Here we randomly assign a firstname and a lastname to an individual based on the value of gender and age and the frequency of the names. Firstname and lastname are sampled from a real uk database of baby birth name ranging from 1996 to 2018. Together with the synthetic predictors and independent identifiers, we have the synthetic gold standard file.

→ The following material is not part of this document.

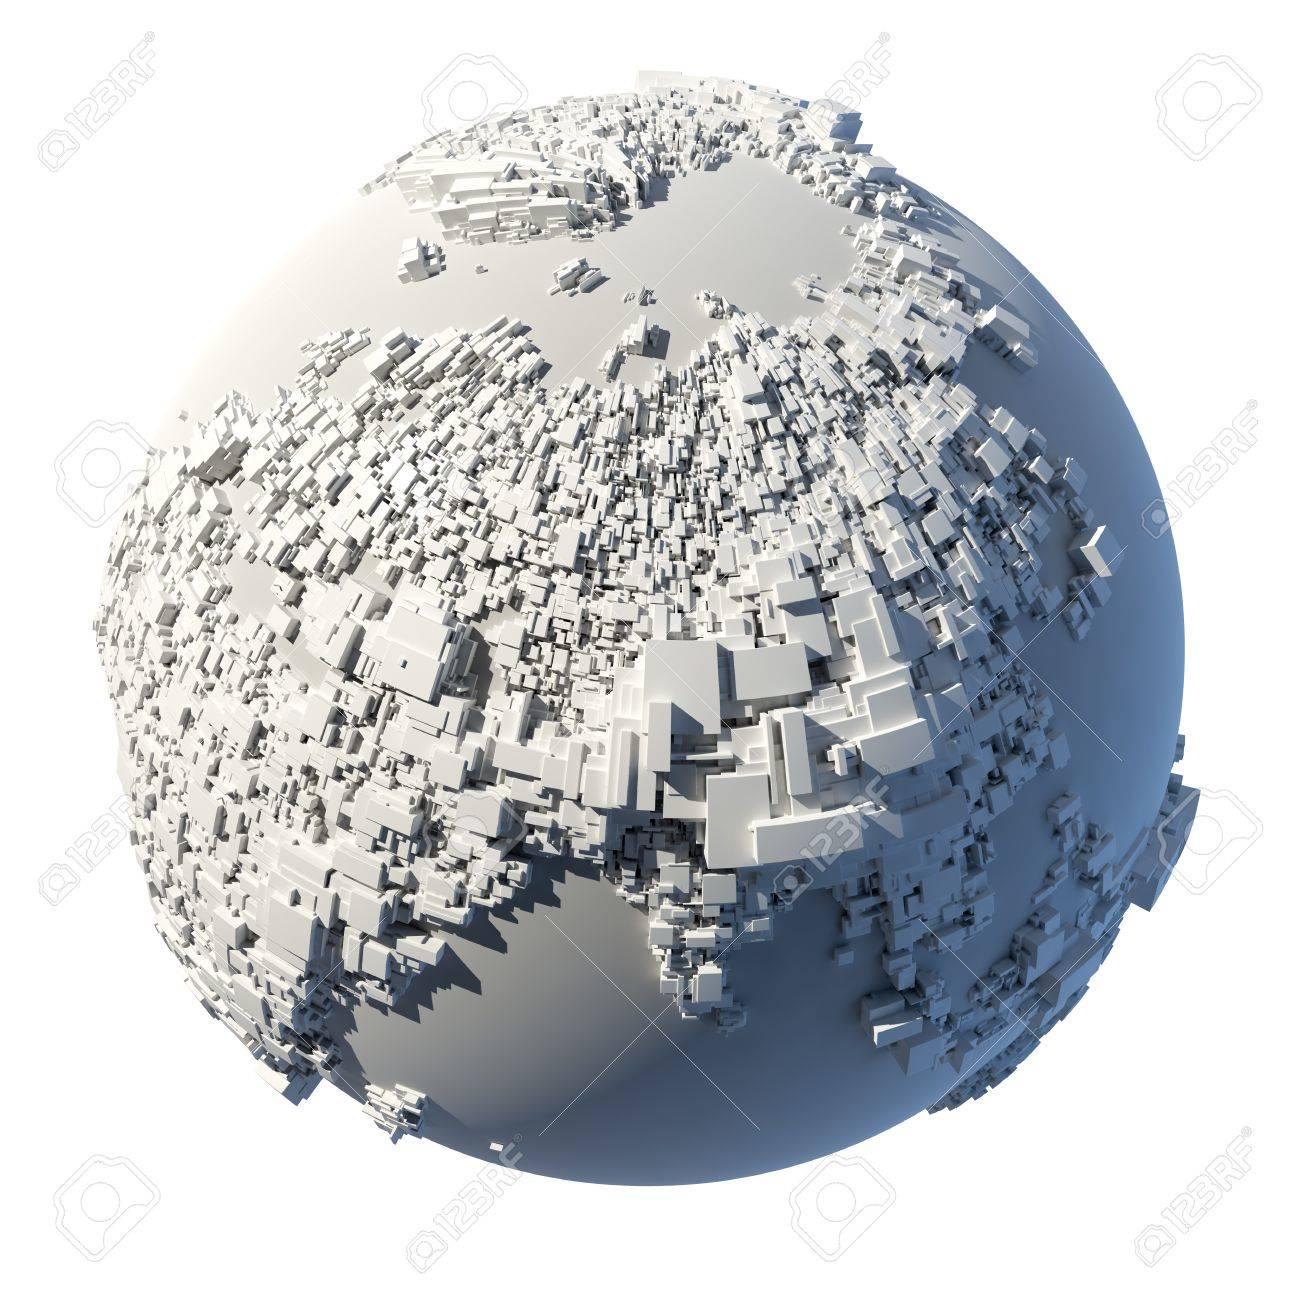 La Structure Complexe De La Terre Consistant En Une Forme Rectangulaire Cubes La Taille De Qui Dépend De La Hauteur Du Terrain Réel

syn_gsf <- add_variable(syn_gsf, "firstname", country = "uk", gender_dependency = TRUE, age_dependency = TRUE)
syn_gsf <- add_variable(syn_gsf, "lastname", country = "uk")
head(syn_gsf)
## age race sex nhsid postcode firstname
## 1 45.44689 Amer-Indian-Eskimo Male 6531420790 M22 5BF tony
## 2 18.04504 White Male 6749102387 NN7 4LT oliver
## 3 33.22080 White Male 7543092867 SS13 1PZ steven
## 4 32.03759 White Male 3617948251 AB32 7AT leon
## 5 44.81910 White Female 4102587969 EX22 7BG chloe
## 6 30.49562 White Female 7653401988 CF14 5FT chloe
## lastname
## 1 barchard
## 2 ward
## 3 kirkbride
## 4 murden
## 5 munroe
## 6 terry
The linkage files are copies of the gold standard file that were damaged by several damage actions. In this section, we show how to generate two linkage files that can be used for linkage activity.
The error occurrence files are inferenced using the previously trained model based on the record of each individual. This gives us the guidance of the damage actions.
syn_error_occurrence1 <- bn_flag_inference(bn_learn$gen_data, bn_learn$fit_model)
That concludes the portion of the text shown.